196 Ill. App. 480 | Ill. App. Ct. | 1915

Mr. Justice Niehaus

delivered the opinion of the court.

In this case the appellants, Adella Diggins and her husband, Lon 0. Diggins, filed a bill in equity, in the Circuit Court of McHenry county, to redeem the premises described in the bill from foreclosure sale made February 18, 1911. The property in question, which was the residence of appellants, was purchased at said sale by the appellee E. L. Axtell, for the sum of $2,450, and a master’s certificate of sale issued to him therefor. The evidence shows that appellants had mortgaged the property in question to B. A. Nugent, as security for an indebtedness of $2,000, and having made default in the payment of the interest due, foreclosure proceedings were instituted; and that this sale made was pursuant to a decree in those proceedings. No redemption was.made from the sale; and on July 24,1912, two months after the statutory period for redemption had expired, a master’s deed was issued to the appellee E. L. Axtell on his certificate of sale. Afterwards, on August 14,1912, the appellee Axtel by deed conveyed the premises to the appellee William Doyle.

The appellants remained in actual occupancy of the property during the period of redemption, and since that time, and they were occupying the premises at the time of the making of the deed by appellee Axtell to appellee Doyle. The bill alleges that the appellee Ax-tell verbally promised to extend time of the statutory period of redemption, from May to November, 1912; and that appellants, relying on the promises of appellee Axtell, expended large sums of money in making improvements upon the premises, and in payment of taxes and special assessments which became due and payable during said period of redemption, and after the expiration thereof.

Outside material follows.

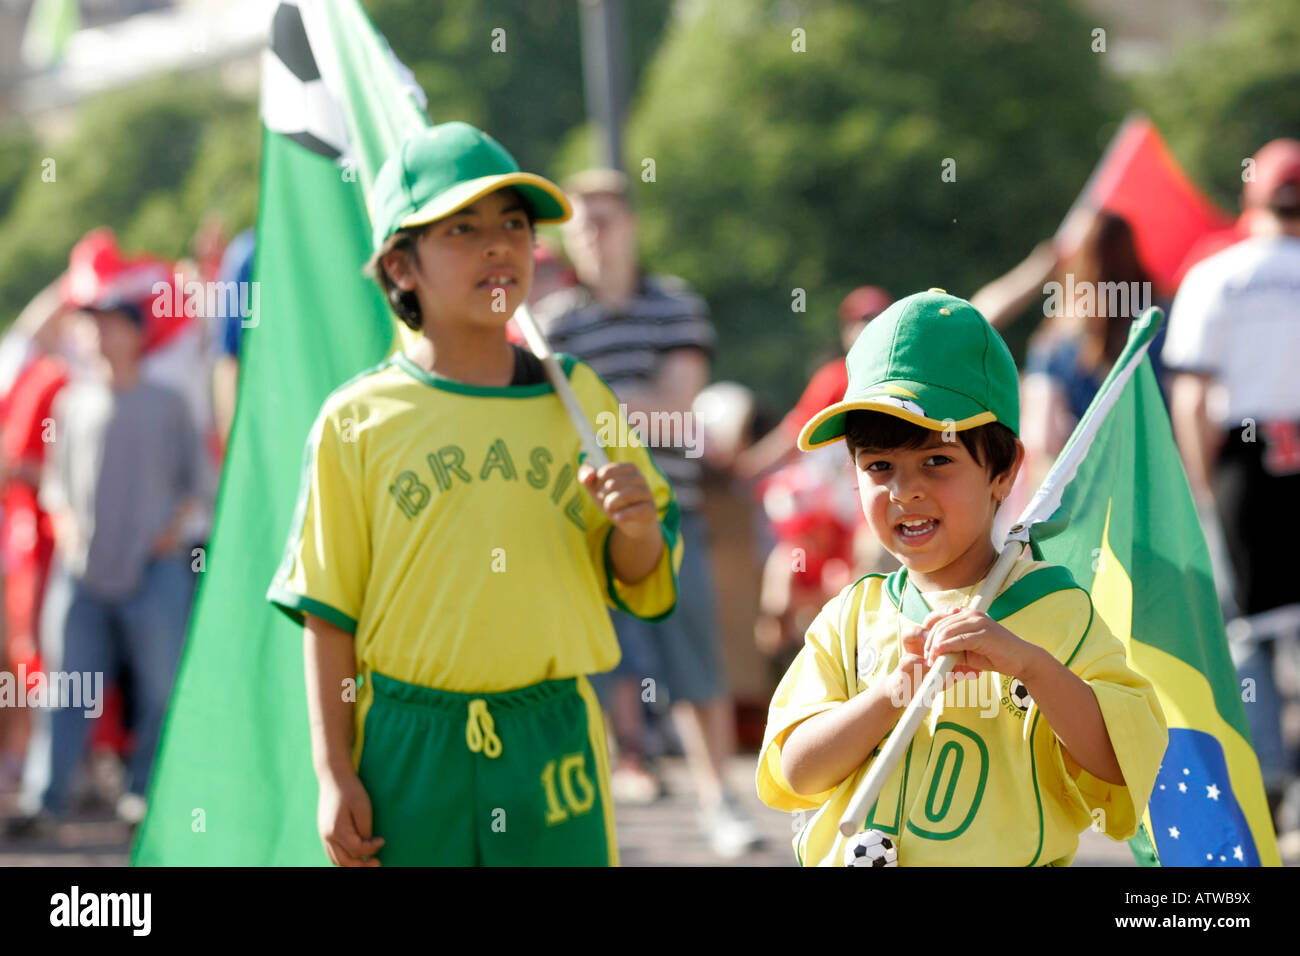 Brasilian soccer fans célébrant la coupe du monde 2006 Banque D'Images
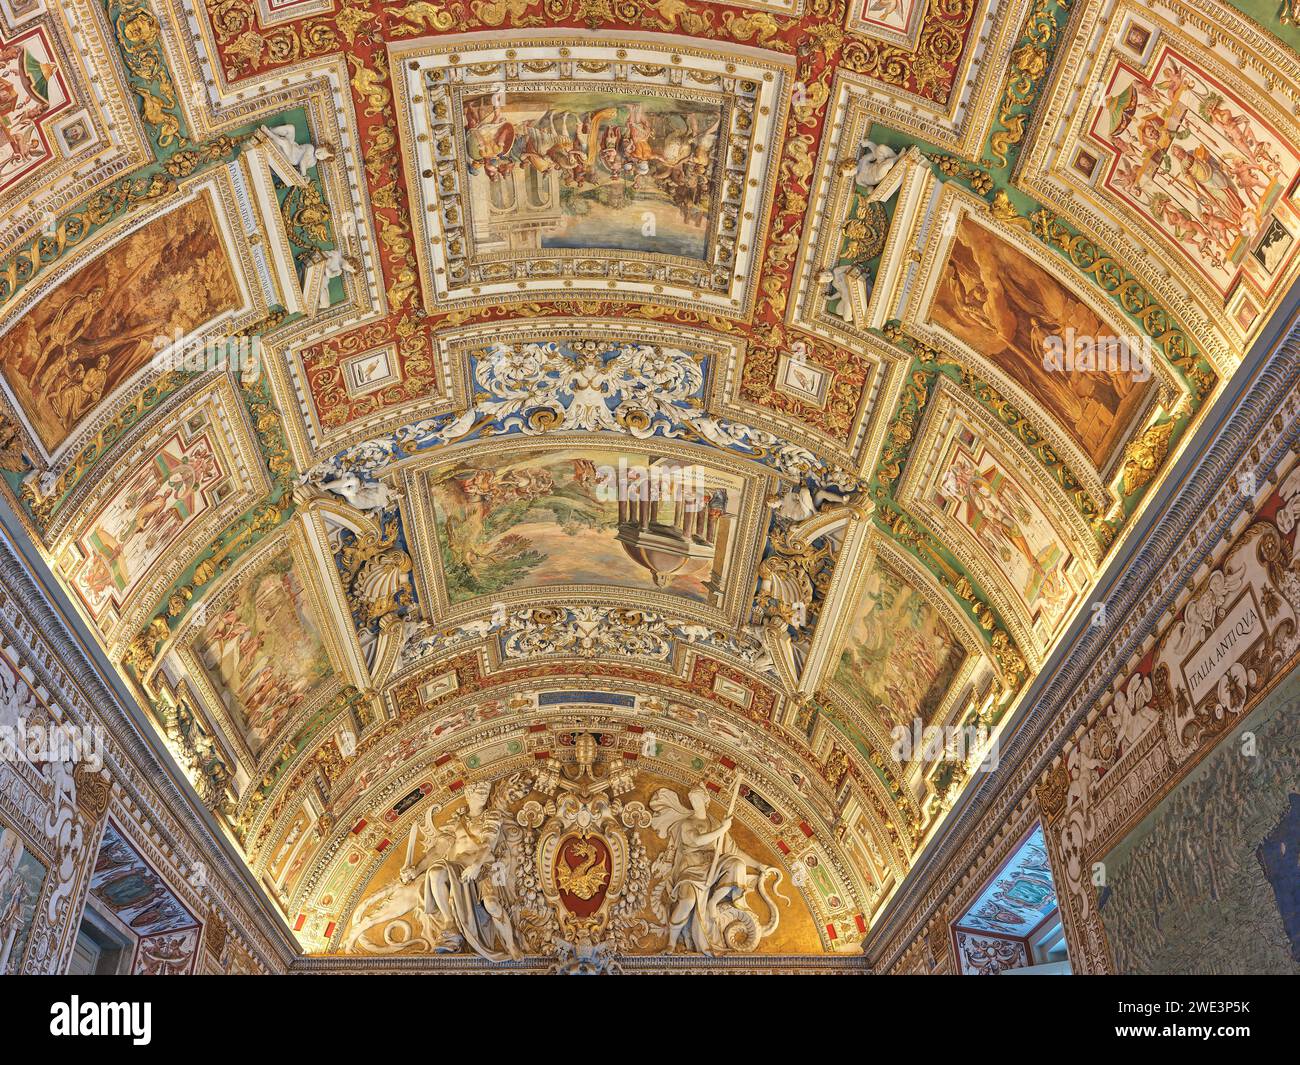 Dipinti e decorazioni sul soffitto nella galleria di mappe geografiche, Musei Vaticani, Roma, Italia. Foto Stock

The cause was referred to a special master, to take proofs and report his conclusions, and he heard the evidence and reported the same, together with his conclusions, to the court. The special master found against the contention of appellants that an agreement or arrrangement had been entered into by appellee Axtell and appellants, whereby the redemption period was extended. The special master also found that appellee Doyle had sufficient notice of the interest in the premises claimed by appellants to put him upon inquiry as to such interest. Appellants filed exceptions to the findings of the special master, which exceptions were overruled by the court, and a decree entered approving the findings and dismissing appellant’s bill, from which decree the appellants have prosecuted an appeal to this court.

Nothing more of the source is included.